Compreendeis a diferença; era mais que a eleição do cônjuge, era a afirmação do matrimônio. A cabeça da minha amiga sabia pensar claro e depressa. Realmente, a fórmula anterior era limitada, apenas exclusiva. Podíamos acabar solteirões, como o sol e a lua, sem mentir ao juramento do poço. Esta fórmula era melhor, e tinha a vantagem de me fortalecer o coração contra a investidura eclesiástica. Juramos pela segunda fórmula, e ficamos tão felizes que todo receio de perigo desapareceu. Éramos religiosos, tínhamos o céu por testemunha. Eu nem já temia o seminário.

- Se teimarem muito, irei; mas faço de conta que é um colégio qualquer; não tomo ordens.
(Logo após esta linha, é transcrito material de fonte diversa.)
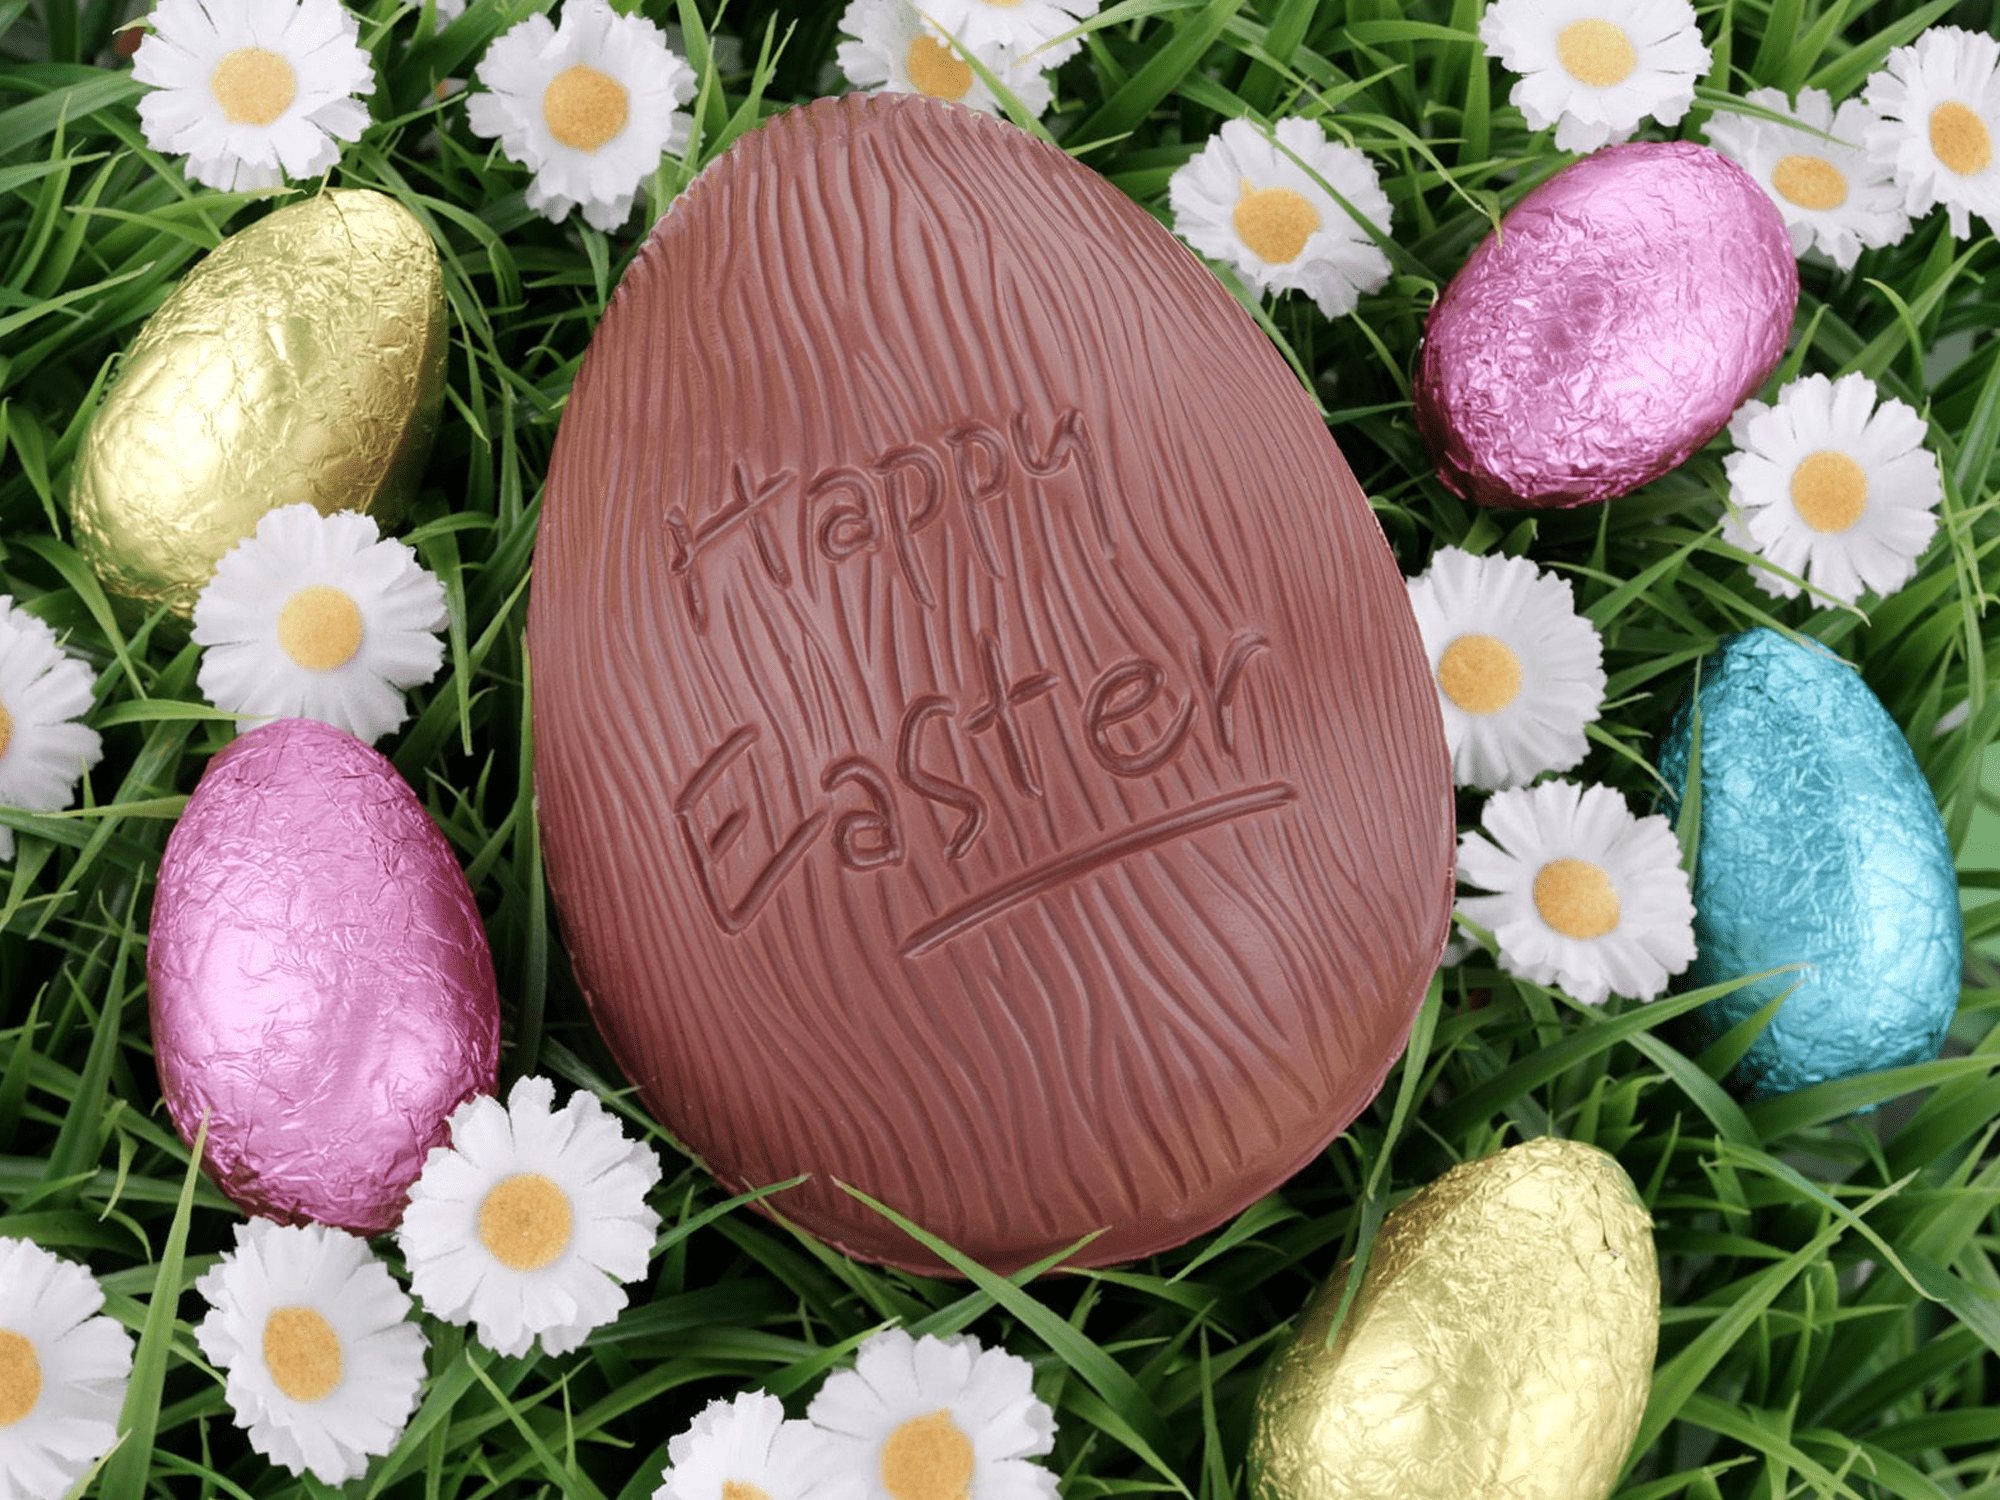 Zdarma velikonoční tapeta s čokoládovým velikonočním vejcem obklopeným sedmikráskami a barevně zabalenými vejci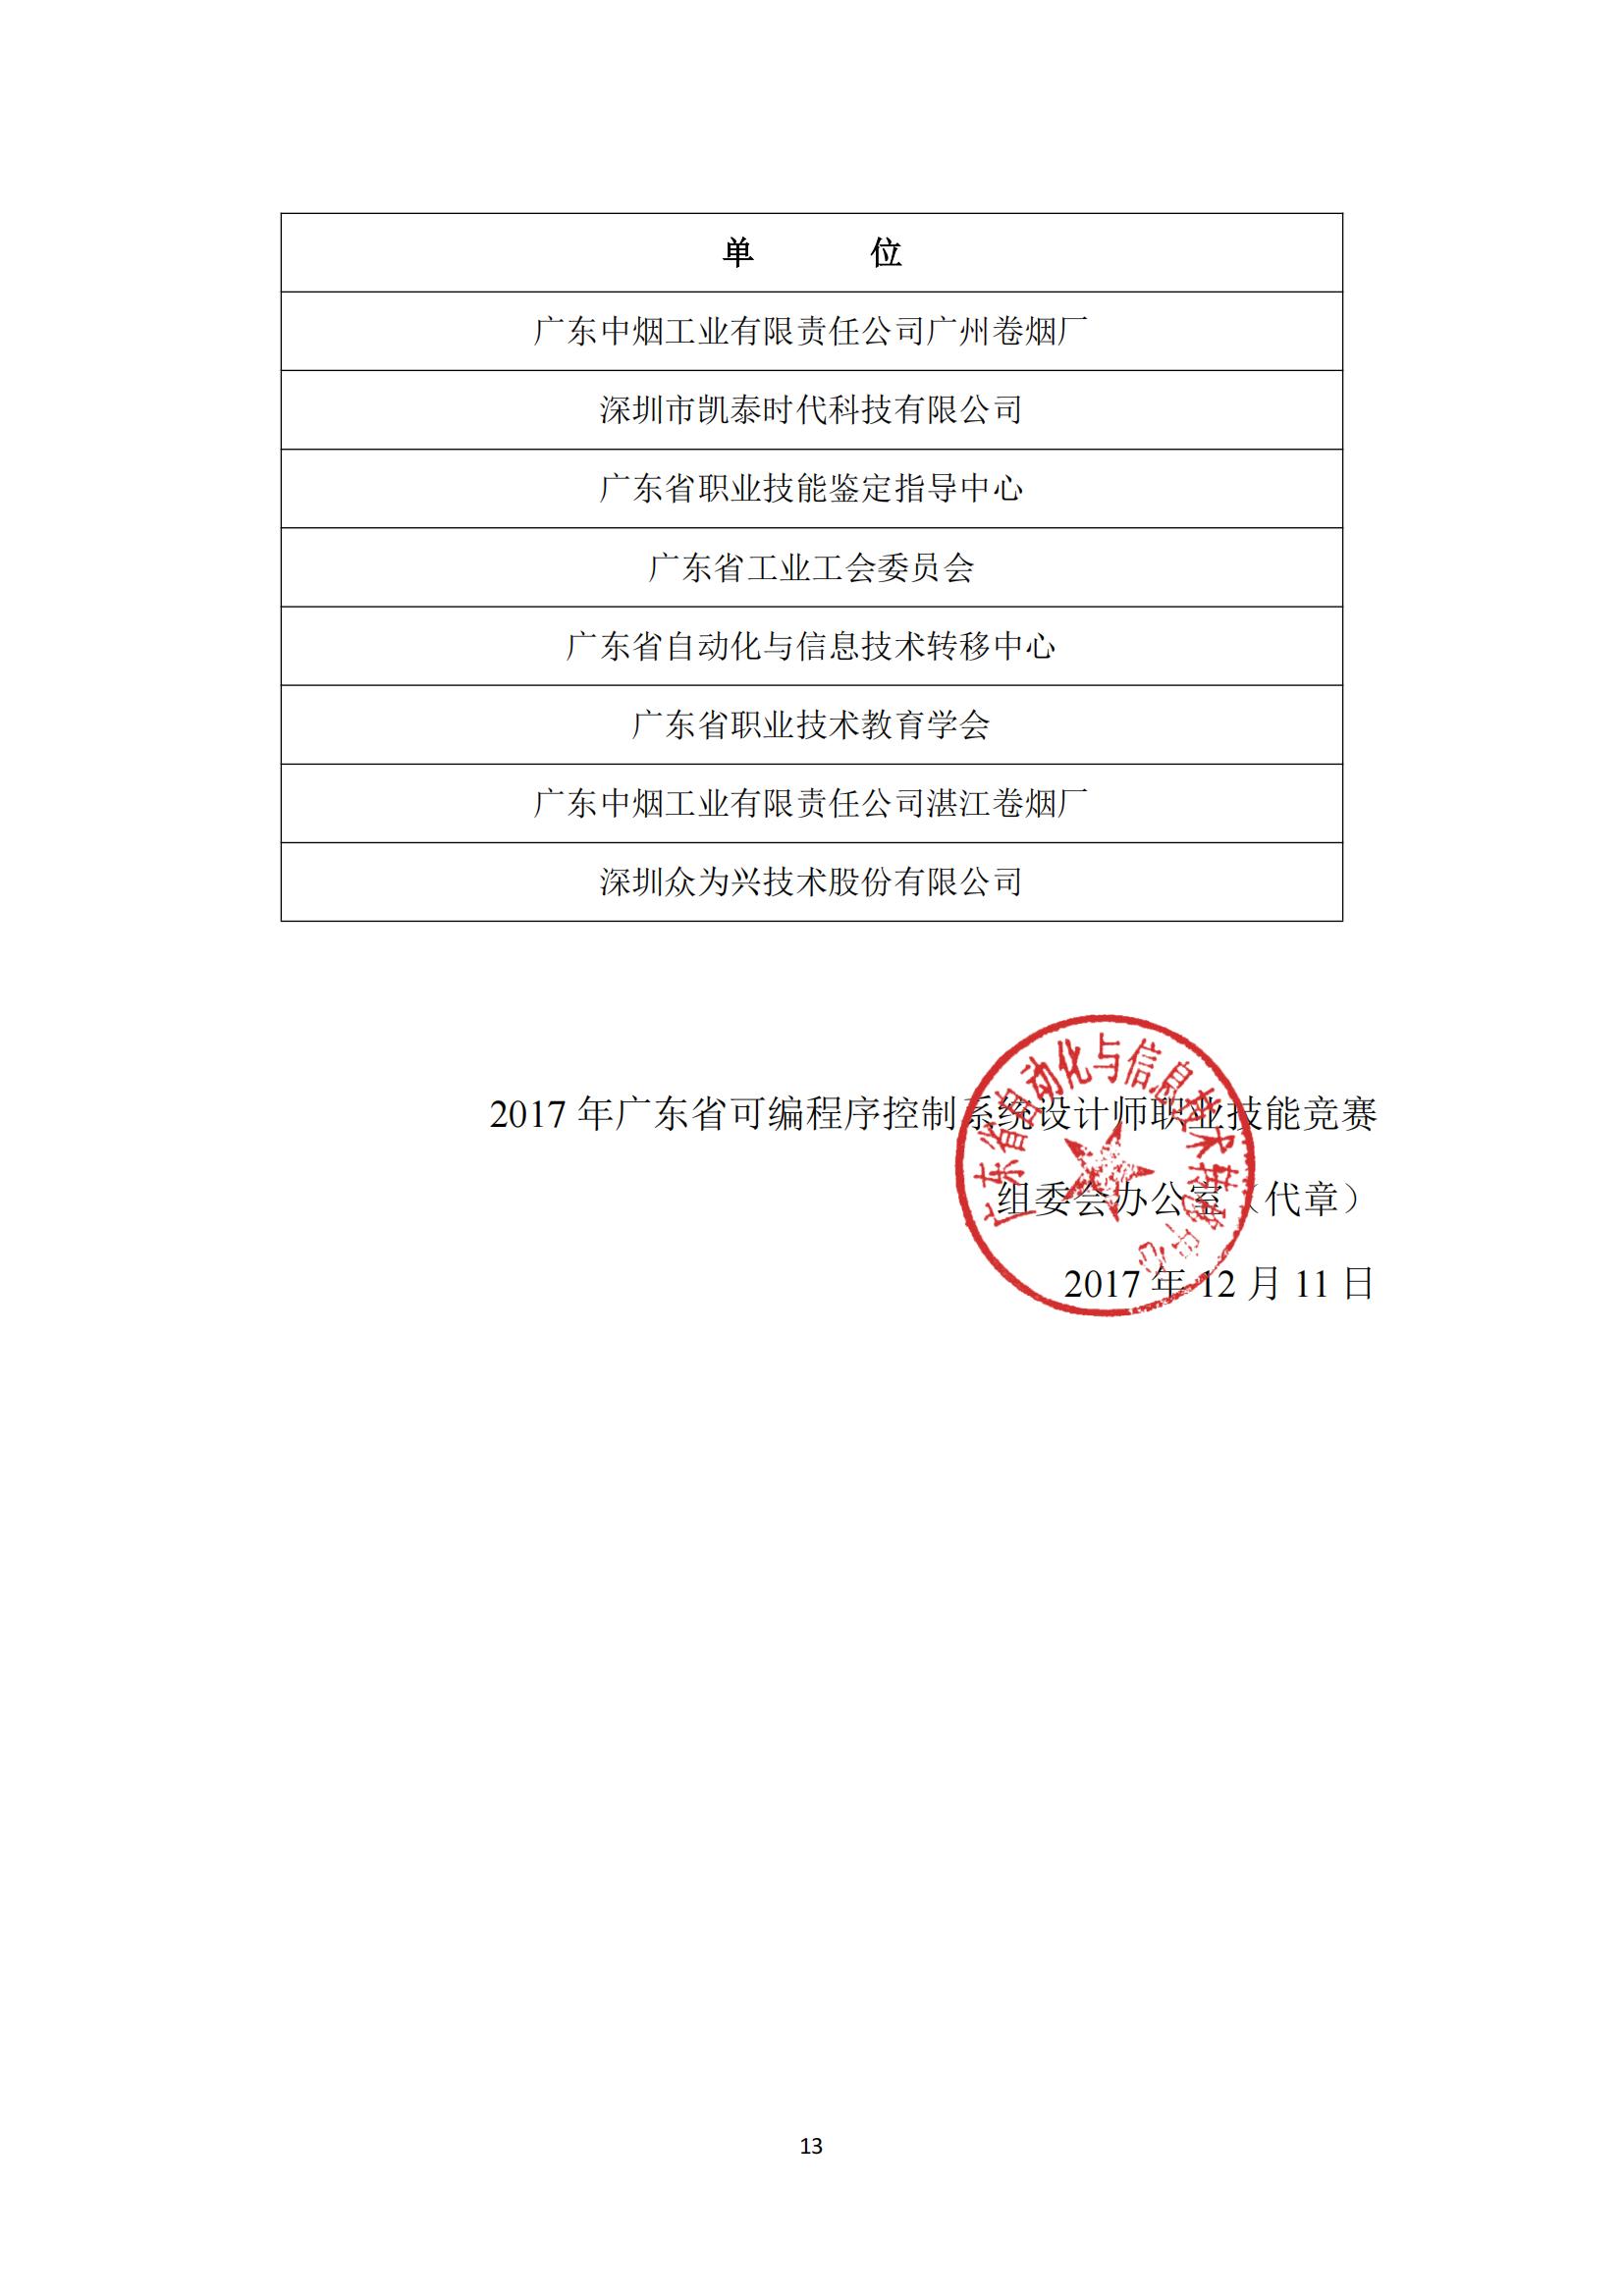 2017 年中国技能大赛——广东省可编程序控制系统设计师（机电一体化）职业技能竞赛_12.jpg

Capitu temia a nossa separação, mas acabou aceitando este alvitre, que era o melhor. Não afligíamos minha mãe, e o tempo correria até o ponto em que o casamento pudesse fazer-se. Ao contrário, qualquer resistência ao seminário confirmaria a denúncia de José Dias. Esta reflexão não foi minha, mas dela.

XLIX

UMA VELA AOS SÁBADOS

Eis aqui como, após tantas canseiras, tocávamos o porto a que nos devíamos ter abrigado logo. Não nos censures, piloto de má morte, não se navegam corações como os outros mares deste mundo. Estávamos contentes, entramos a falar do futuro. Eu prometia à minha esposa uma vida sossegada e bela, na roça ou fora da cidade. Viríamos aqui uma vez por ano. Se fosse em arrabalde, seria longe, onde ninguém nos fosse aborrecer. A casa, na minha opinião, não devia ser grande nem pequena, um meio-termo; plantei-lhe flores, escolhi móveis, uma sege e um oratório. Sim, havíamos de ter um oratório bonito, alto, de jacarandá, com a imagem de Nossa Senhora da Conceição. Demorei-me mais nisto que no resto, em parte porque éramos religiosos, em parte para compensar a batina que eu ia deitar às urtigas; mas ainda restava uma parte que atribuo ao intuito secreto e inconsciente de captar a proteção do céu. Havíamos de acender uma vela aos sábados...

L

UM MEIO-TERMO

Meses depois fui para o seminário de São José. Se eu pudesse contar as lágrimas que chorei na véspera e na manhã, somaria mais que todas as vertidas desde Adão e Eva. Há nisto alguma exageração; mas é bom ser enfático, uma ou outra vez, para compensar este escrúpulo de exatidão que me aflige. Entretanto, se eu me ativer só à lembrança da sensação, não fico longe da verdade; aos quinze anos, tudo é infinito. Realmente, por mais preparado que estivesse, padeci muito. Minha mãe também padeceu, mas sofria com alma e coração; demais, o padre Cabral achara um meio-termo: experimentar-me a vocação; se, no fim de dous anos, eu não revelasse vocação eclesiástica, seguiria outra carreira.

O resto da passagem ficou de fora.